Rapid climate progress requires income security for all

Rapid climate progress requires income security for all. Too bad most people, particularly elected politicians, don’t realize it. Our job is to educate them.

There have been lots of news stories over the past two days about the Obama administration setting stricter fuel efficiency standards. Opponents insist that the new standards will raise car prices and hurt consumers, without much impact on climate change.

The continuing conflicts and complexities are clearly considered in a Wall Street Journal story. The first few paragraphs follow, and the complete article is here:

Obama Would Support Auto Incentives for Consumers

WASHINGTON — The Obama administration would support the idea of giving consumers additional incentives to buy fuel-efficient vehicles, a White House official said Tuesday.

The White House would likely favor tax credits for vehicle purchases over any proposal to raise the 18.4 cents-a-gallon federal gas tax, as many industry officials and transportation experts have recommended.

“We fought for the $7,500 tax credit for the purchase of advanced technology vehicles in the Recovery Act,” the official said, and “our administration remains committed to policies to help bring the costs down” for consumers.

Industry officials in recent days have expressed concern that consumers might balk at paying a premium for costlier, more fuel-efficient cars and trucks if gas prices don’t rise to $4 per gallon or more in the years ahead.

The administration estimates fuel-economy regulations will add $1,300 on average to the price of new cars by 2016.

Suppose we start with income security for all, and every adult citizen is getting, say, $1,000 a month in addition to what we earn or get from other sources.
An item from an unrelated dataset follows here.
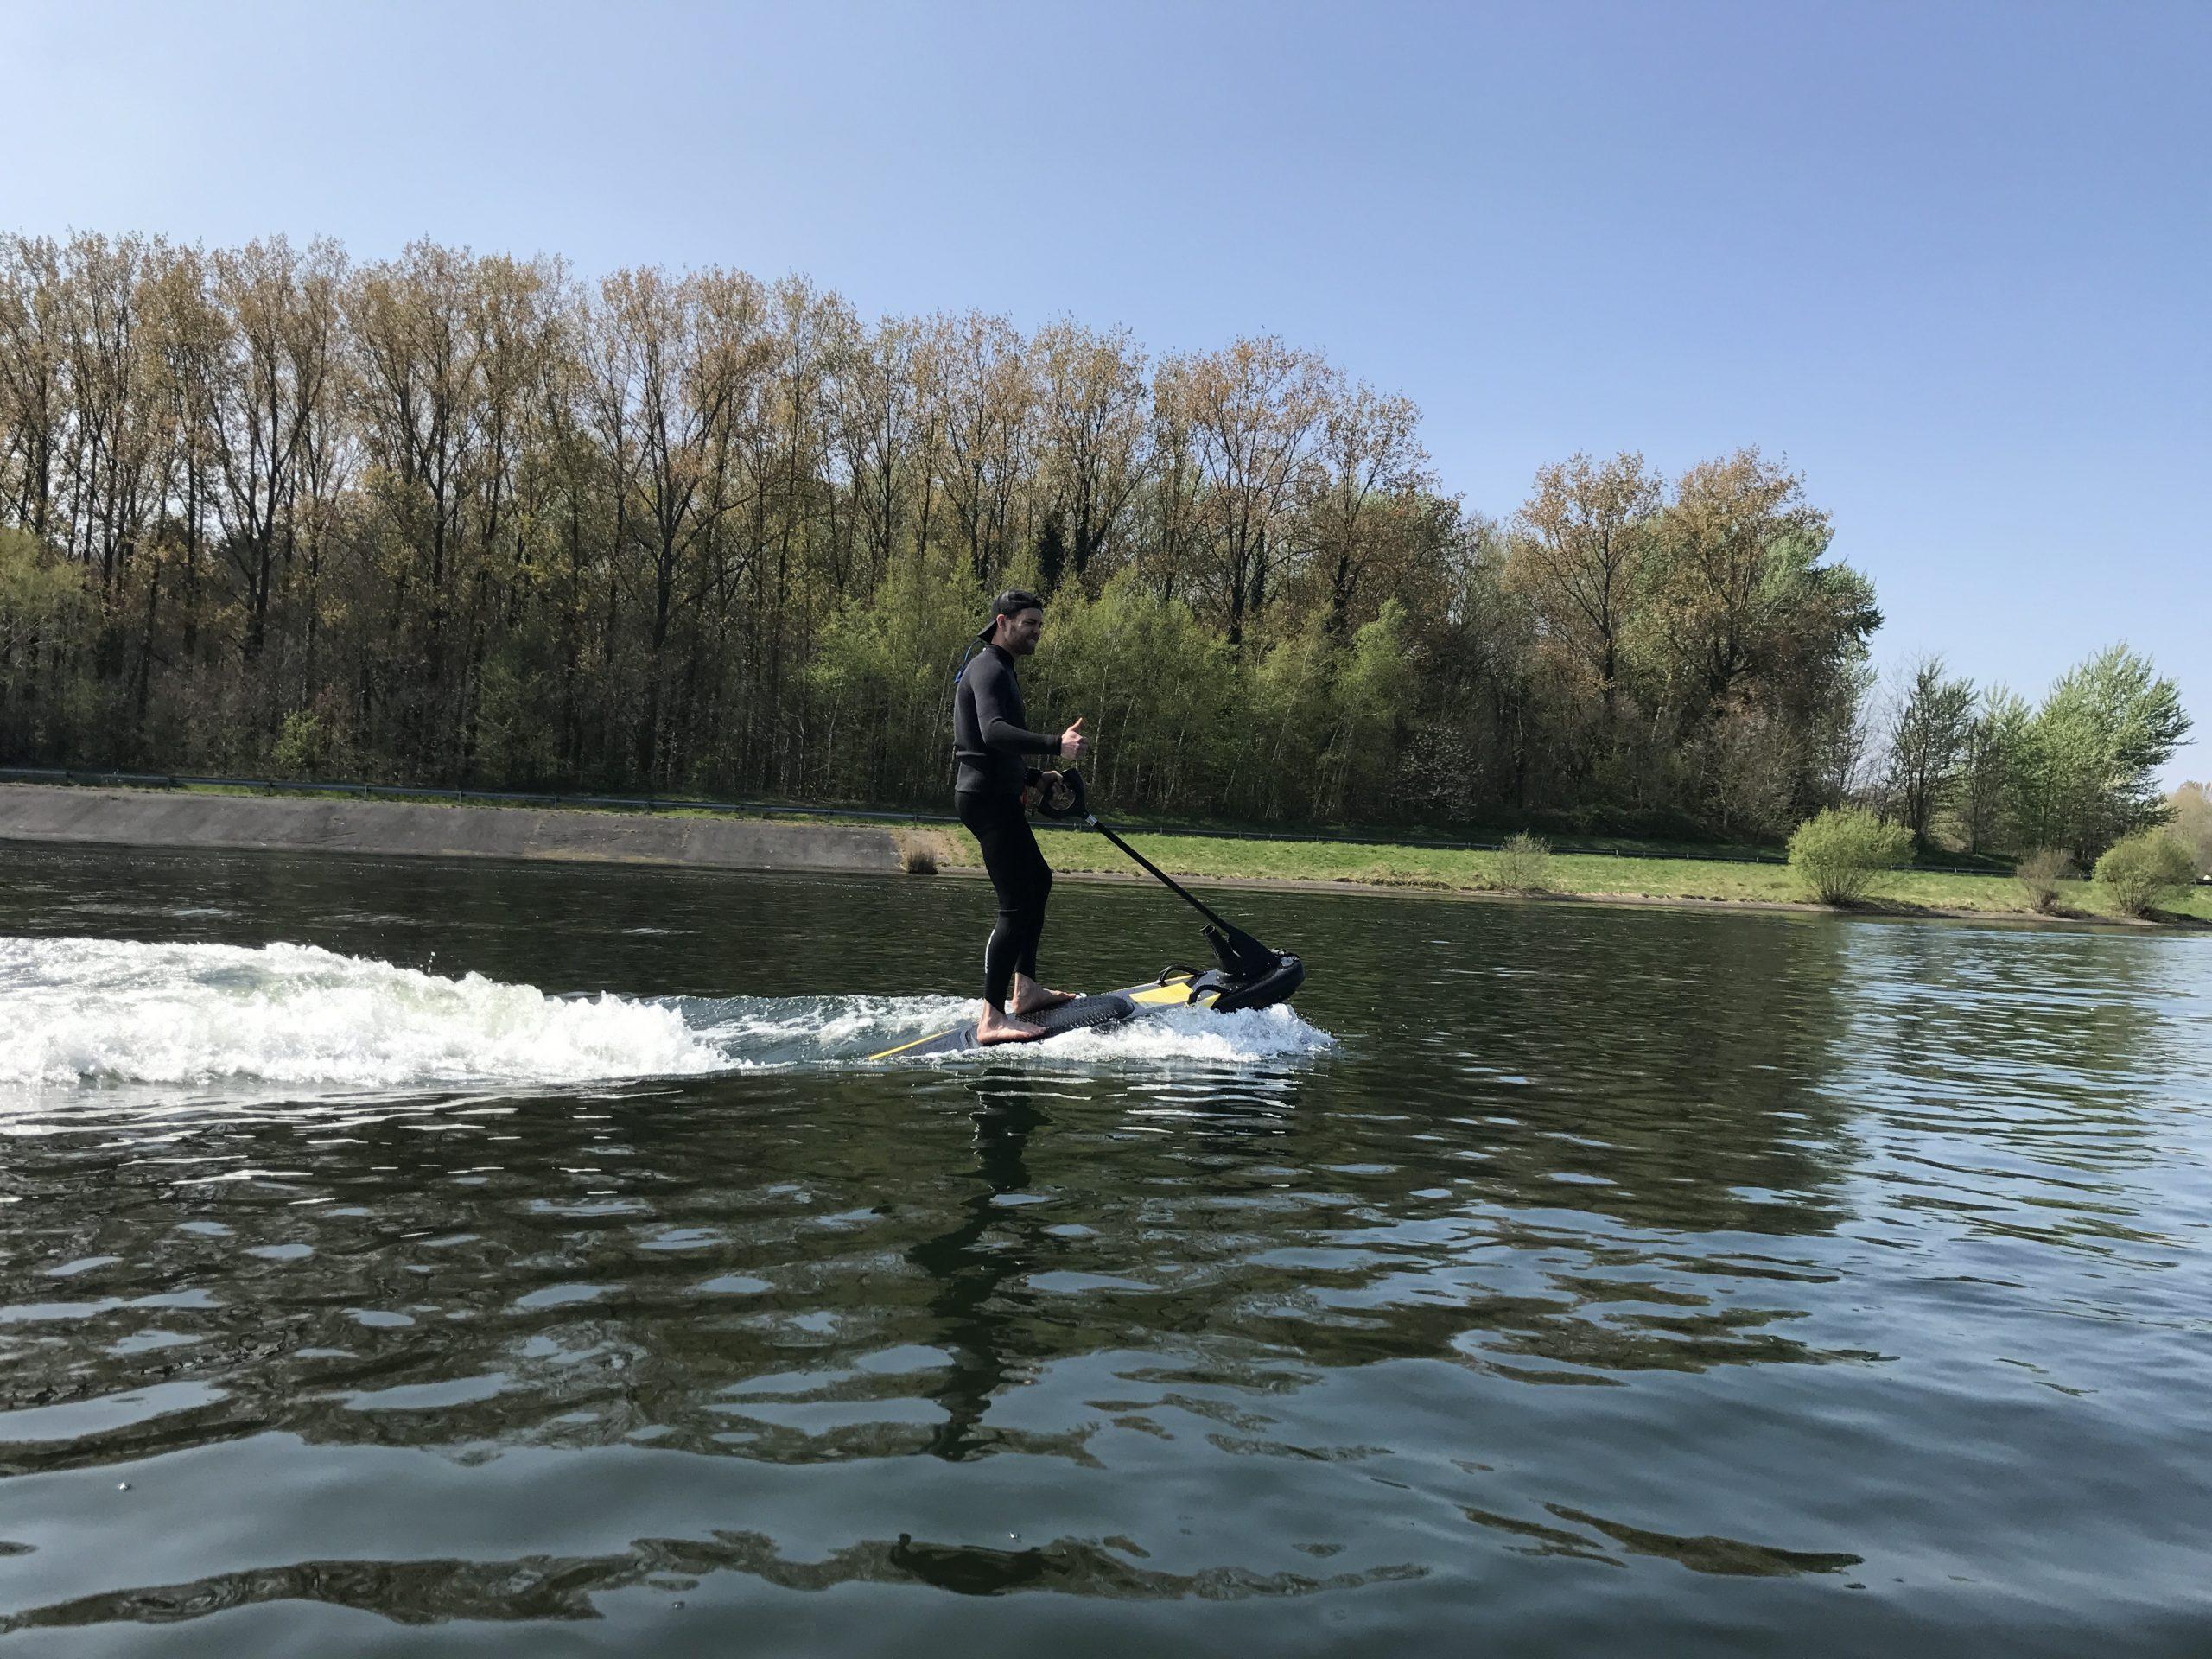 jetsurf-slide-4

Suppose, as well, that we pay for that, in part, through higher carbon taxes.

Everyone could afford to pay the higher gas taxes, higher costs for new efficient cars, higher costs for electricity, and so on. Everyone would have strong incentives to reduce fuel consumption, in order to save the money for other purposes.

Moreover, pairing the guaranteed income, Citizen Dividends, with the carbon tax is a way to make the carbon tax politically acceptable.
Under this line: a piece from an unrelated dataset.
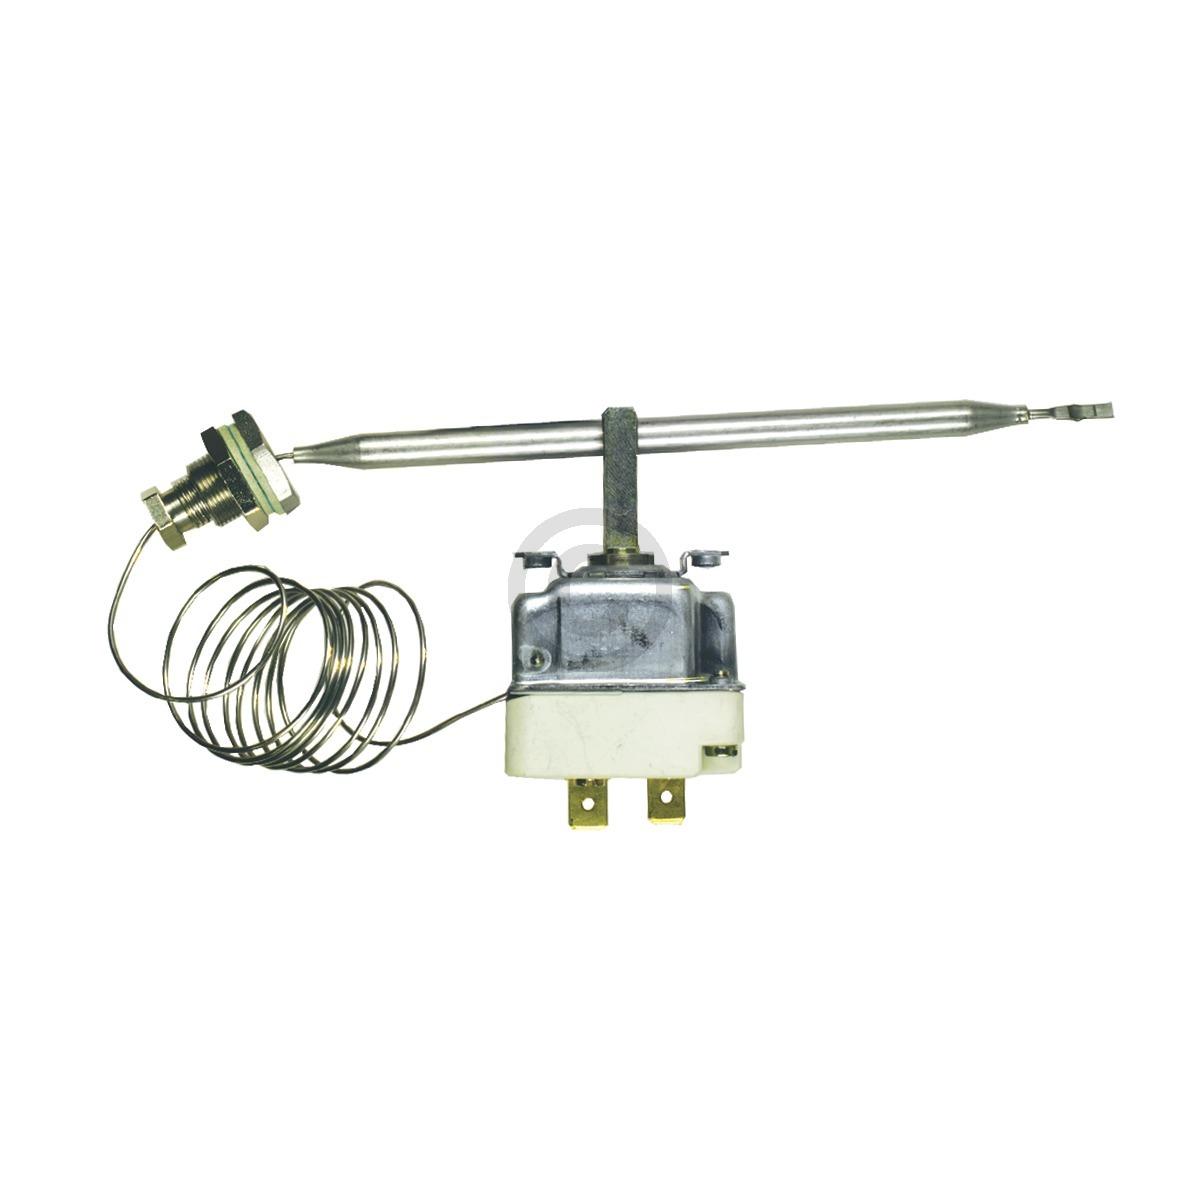 Thermostat 30-110° 55.19022.801 EGO

Among the most interesting aspects of the recent debates is the number of people who are saying that auto companies will make fuel-efficient vehicles when there’s a demand for them. As we saw last year, when fuel costs were so high, people were turning in their SUVs and buying much smaller cars. That was without any government mandates for vehicle fuel efficiency. That recent history is good evidence for this proposal to combine guaranteed income with carbon taxes.

(This idea, combining a guaranteed income and higher natural resource taxes, actually goes back to Thomas Paine and his 1793 pamphlet Agrarian Justice.)

The auto companies ought to be leading the campaign to enact this, because this would create huge demand for more efficient cars while providing people with the money to pay for them. Until now, auto companies have been saying that there’s not enough demand for more efficient cars. Higher fuel prices will create that demand, particularly if consumers know that prices will remain high. That certainty will come with a gas tax.

A more modest version of this is getting some public attention. It’s called “tax and dividend.” Most versions, however, would distribute the dividend as a cut in payroll taxes. That would leave out people who don’t work and earn, including the very poor and retired. A true guaranteed income would help everyone equally.

Guaranteed income was a mainstream, moderate idea in the 1960s. Martin Luther King called for it in his last book, and a plan to provide it passed the House of Representatives by two-to-one, but was blocked in the Senate. Proponents including leading economists from the left and the right.

The complete guaranteed income plan, the idea, the benefits, and how we can make it happen – including a discussion of carbon taxes – is in Peaceful, Positive Revolution,.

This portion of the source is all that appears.